En contexto del tiempo, la obra es una clara declaración del deseo de encontrar, dentro de conceptos abstractos, una verdadera ambición, apertura y evolución en lo que pretende la música experimental. Los sacrificios hechos para lograr esto han sido el de nominar algo como un género o darle un ícono identificable al trabajo, que para cualquiera trae un riesgo.

“The band didn’t stop with that record, overtime it’s an image of what all of those people involved with Sunn O))), where they were and what their ideas were during that period. […] Monoliths & Dimensions was a foundation for us to bring the band to a different place that was really much more positive for us, personally, and enjoyable, and open but also expressive and that brought a lot more audience. […] I think we were really fortunate and lucky with Monoliths & Dimensions that the Sunn O))) audience that existed seemed to respond very positively. […] People took it seriously as a piece of art, they took the experiment seriously and it attracted another audience too, it gave us a lot of opportunities.”

Es difícil, incluso diez años después, darle un lugar específico al álbum como catalizador de influencias, pero es seguro que, viéndolo como una declaración artística, deja una docencia que resulta carismáticamente simple. Cosas tan obvias que dejan de ser percibibles.

“As we’re working on the seed ideas, this might sound cliche and simple but it’s true, Greg [Anderson] and I have always have been very careful that when we start working on material we don’t have a plan, when we work on recordings. That we do everything we can not to have too solid and too strongly defined expectations of the work, that we keep open and keep a point of view that can be surprising and that we don’t know what we’re doing, to a certain extent.”

“Even after almost ten years, for a Sunn O))) record, how much more iconic can it be?”.

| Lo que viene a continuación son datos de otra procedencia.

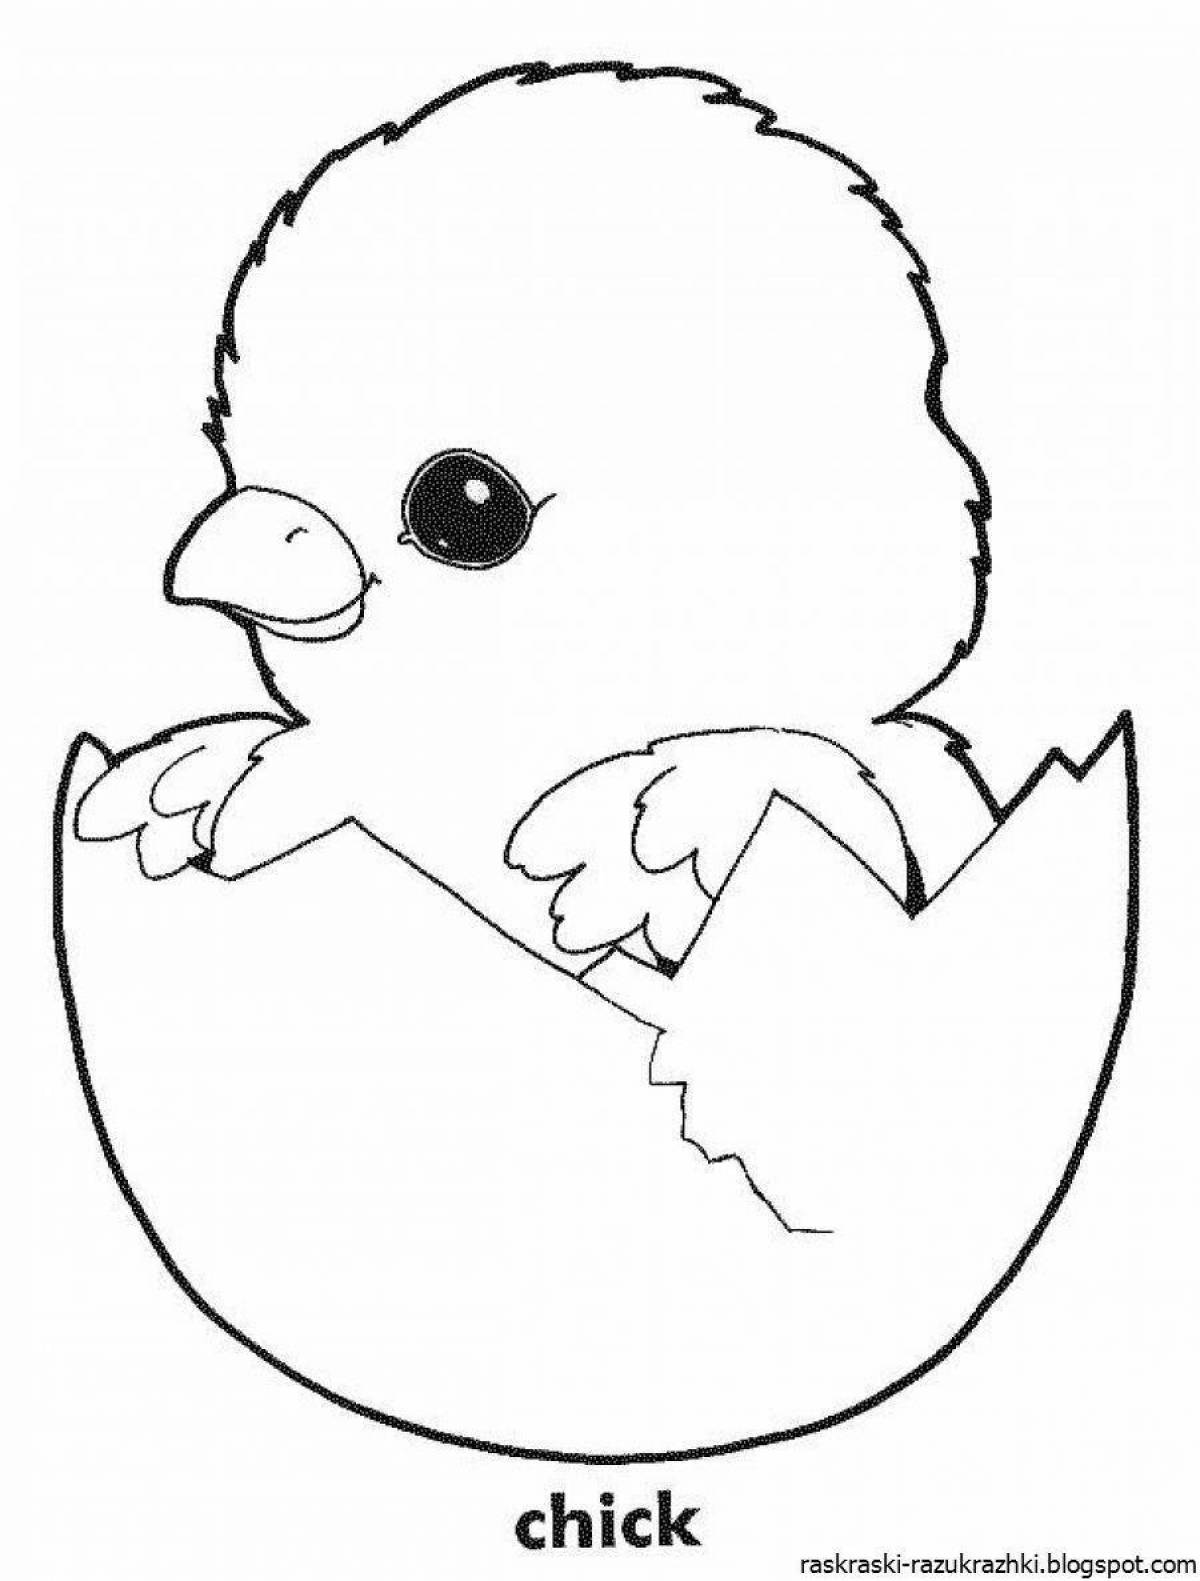 Нежный рисунок цыпленка

Ya sea un filosofía DIY, motivaciones punk o simple voluntad, todo lo grande, ambicioso y colaborativo de uno de los álbumes más agudamente exploratorios y efectivos de la música experimental contemporánea vino de un simple propulsor inicial de darle entrada a algo inesperado, de darle espacio a esa cosa enorme que se estaba creando. El trabajo de Serra nos ayuda a comprender la relevancia de este proyecto y sus logros fundamentales. El ejercicio de perder la identidad bajo la compresión de un monolito es propio de la subjetividad de su detalle e independencia. A nosotros nos queda encontrar estas piezas y después comenzar un proceso en reversa.

“It’s a very nice metaphor about Sunn O))): at first it can be considered a dense, loud, dark music but actually, this painting of Serra and his style of painting, when you see the physical painting specially, you realize it’s a organism almost. There’s so much detail and it’s really alive. It’s radiating all these ideas out of simply a kind of blank, seemingly, this blank, black dot […] Even after almost ten years, for a Sunn O))) record, how much more iconic can it be?”.

Agradecimientos especiales a Stephen O’Malley.